A modular RL library to fine-tune language models to human preferences

https://rl4lms.apps.allenai.org/

Apache License 2.0

2.13k stars 191 forks source link

Evaluating a specific checkpoint #32

Open lovodkin93 opened 1 year ago

lovodkin93 commented 1 year ago

hey, first of all thank you very much for this amazing library! I was using it to finetune a model, and I am interested in evaluating one of the saved checkpoints on my testset. Is there an easy way to do it? Thanks.

rajcscw commented 1 year ago

If you want to evaluate a saved checkpoint, it is tricky. Evaluating the language model (which is saved at the end of the training) is easier and can be done like any other auto model on HF. Question, is do you want to evaluate via RL4LMs or externally?

lovodkin93 commented 1 year ago

@rajcscw I was thinking of doing it via RL4LMs, but if it is easier to do it externally, I don't mind.

rajcscw commented 1 year ago

So the easiest way to do is load up the entire checkpoint (which includes trainer, policy state etc) and run the evaluation via train_text_generation.py. This can be done as follows:

Create a datapool of your evaluation dataset
Register it and adapt the config accordingly
In train_text_generation.py set the base_path_to_store_results, project name, experiment_name so that it loads the latest checkpoint correctly. Note that: checkpoints folder must be present in base_path_to_store_results/project_name/experiment_name.
Set train_evaluation/n_iters to 0 in the config file so that there is no further training of the model.

After doing this, on running train_text_generation.py, you will see the metrics on console and also saved on the jsons in the experiment folder.

lovodkin93 commented 1 year ago

@rajcscw great, I will give it a go. Thank you!
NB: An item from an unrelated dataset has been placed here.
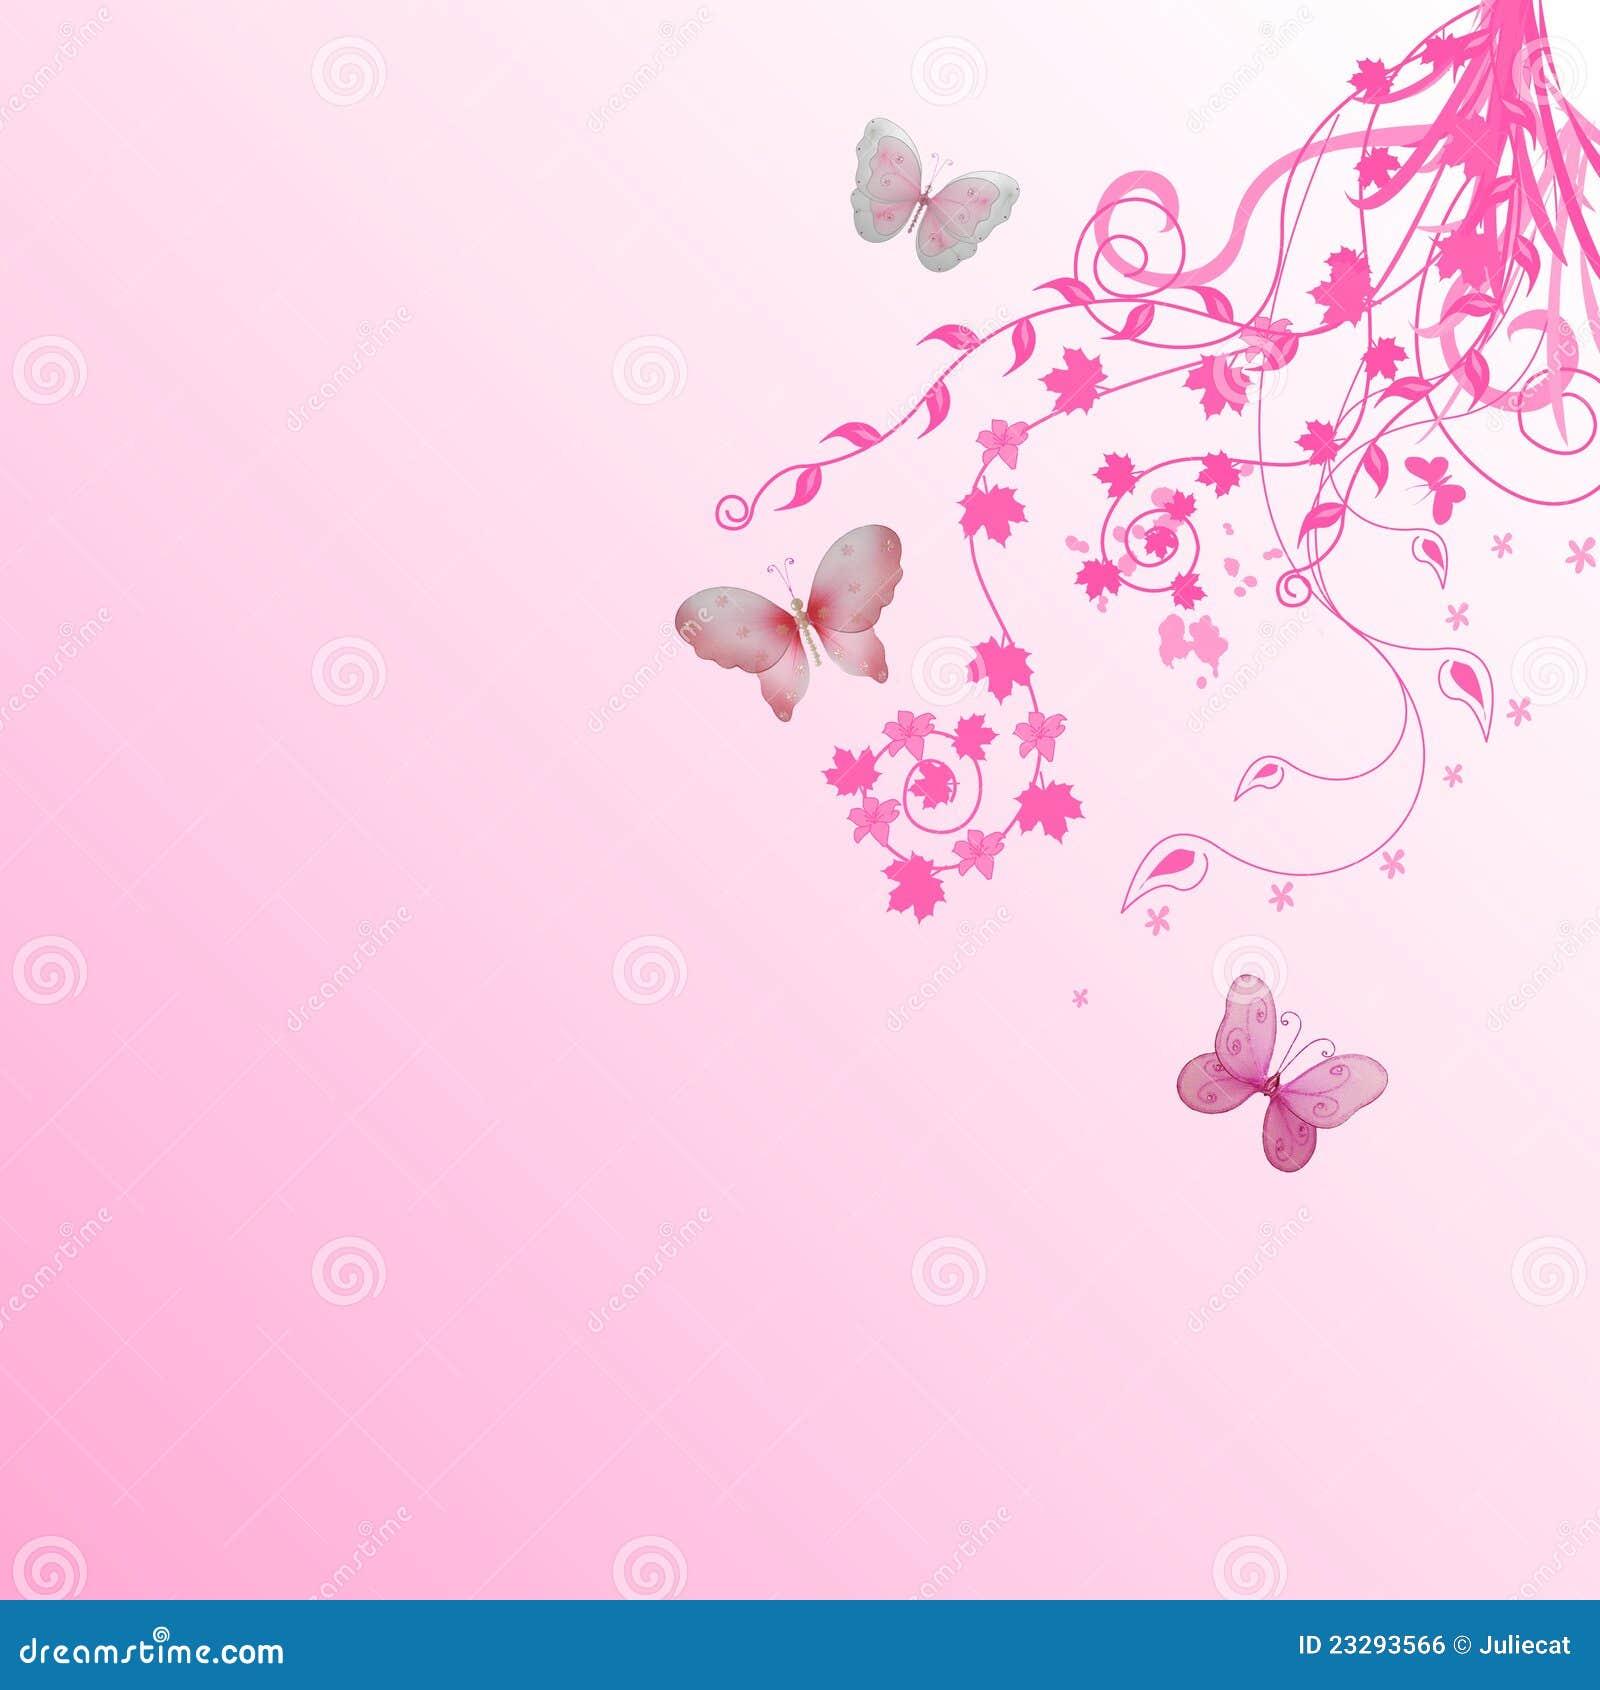 Bedroom Wallpaper Cherry Blossom

avacaondata commented 1 year ago

@rajcscw What would be the way for doing this with huggingface's transformers library? I mean, if it's easy to load models from transformers to run do reinforcement learning, then it should not be so tricky to load the saved checkpoints as transformer models, with .from_pretrained()... I would expect that unused weights are ignored (value head etc) and that the rest of the weights belonging to the original model are indeed loaded. However, I cannot make the from_pretrained() call work with the saved checkpoints. What am I missing? Thank you in advance :heart: :smile: